Антонина Викторовна поймала ее на месте преступления. Выболтано то, что до поры до времени должно храниться в тайне.
Меня забавляет этот фарс. Уверен, что, кроме Димки и Лоры, тайну знают уже все остальные, от персонала до больных. Вместе с тем мне жаль Лору. Она растерялась, как девочка, разбившая самую лучшую чашку. Сейчас ей попадет. Я осведомляюсь:
С кем же уезжает, если не секрет? Не с Антониной ли Викторовной?
Понимаю, что вышло глупо, плоско. Но громоотвод сработал. Ноговицына вспыхивает возмущением. Лора принимает все за чистую монету.

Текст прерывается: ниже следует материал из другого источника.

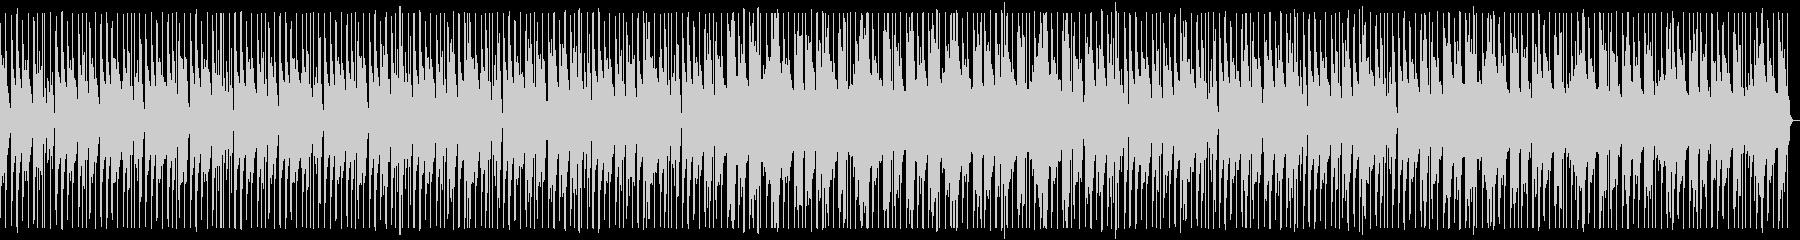 オシャレなピアノメインダンスミュージックの未再生の波形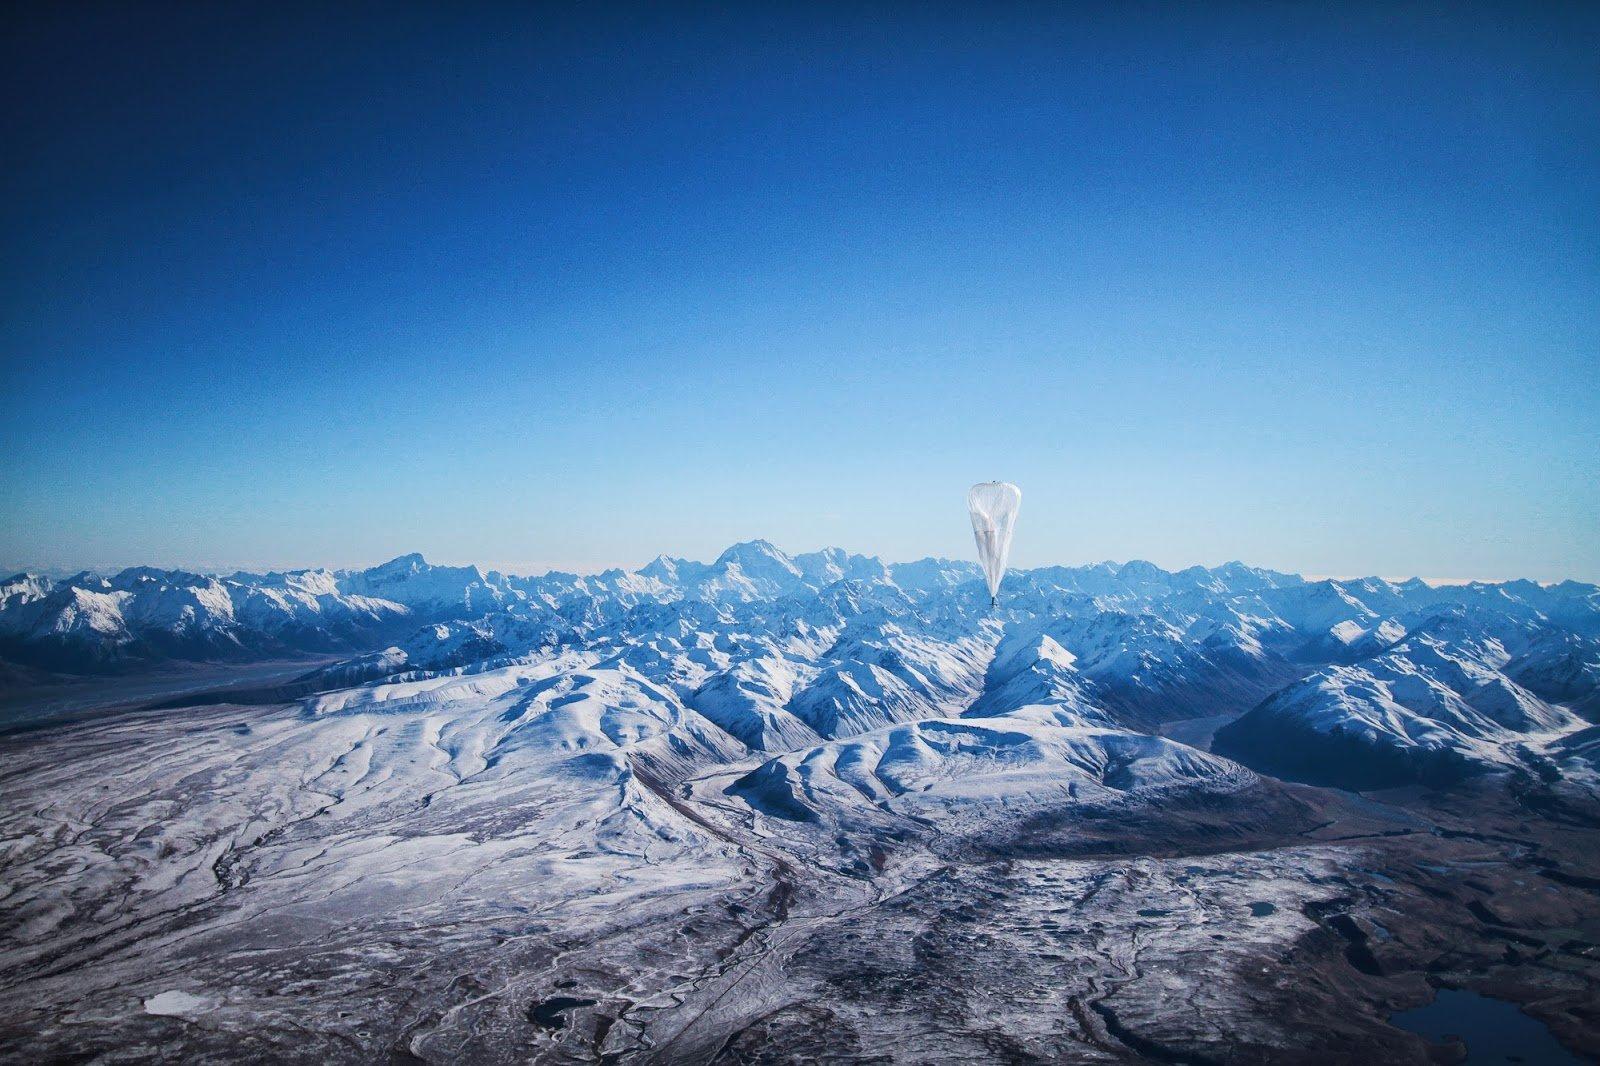 Google Loon: Der Suchmaschinenkonzern will Ballons in der Stratosphäre nutzen, um das Internet in Regionen zu bringen, die bislang davon abgeschnitten sind.

Что вы! изумляется она. С Елизаветой Константиновной, конечно.
Это похуже, говорю я.
Постыдились бы девушки, шипит Ноговицына. Что ж, это в вашем духе!
Я не унимаюсь, точно бес попутал.
Но, Антонина Викторовна, вы так мечтаете поехать за границу.
Вечно я надурю, а потом жалею.
Лорочка, пропела она. Я хочу позвонить. И, зеленая от злости, устремляется к телефону.
И ей звонить в кассу, только в театральную: нужно сорок билетов на Акимова, сорок приличных билетов. Как нет? Что вы, о первом ярусе не может быть и речи! О галерке тем более. Бельэтаж куда ни шло
Лора вздыхает. А ей два мягких до Праги. Но ничего не попишешь, культпоход есть культпоход.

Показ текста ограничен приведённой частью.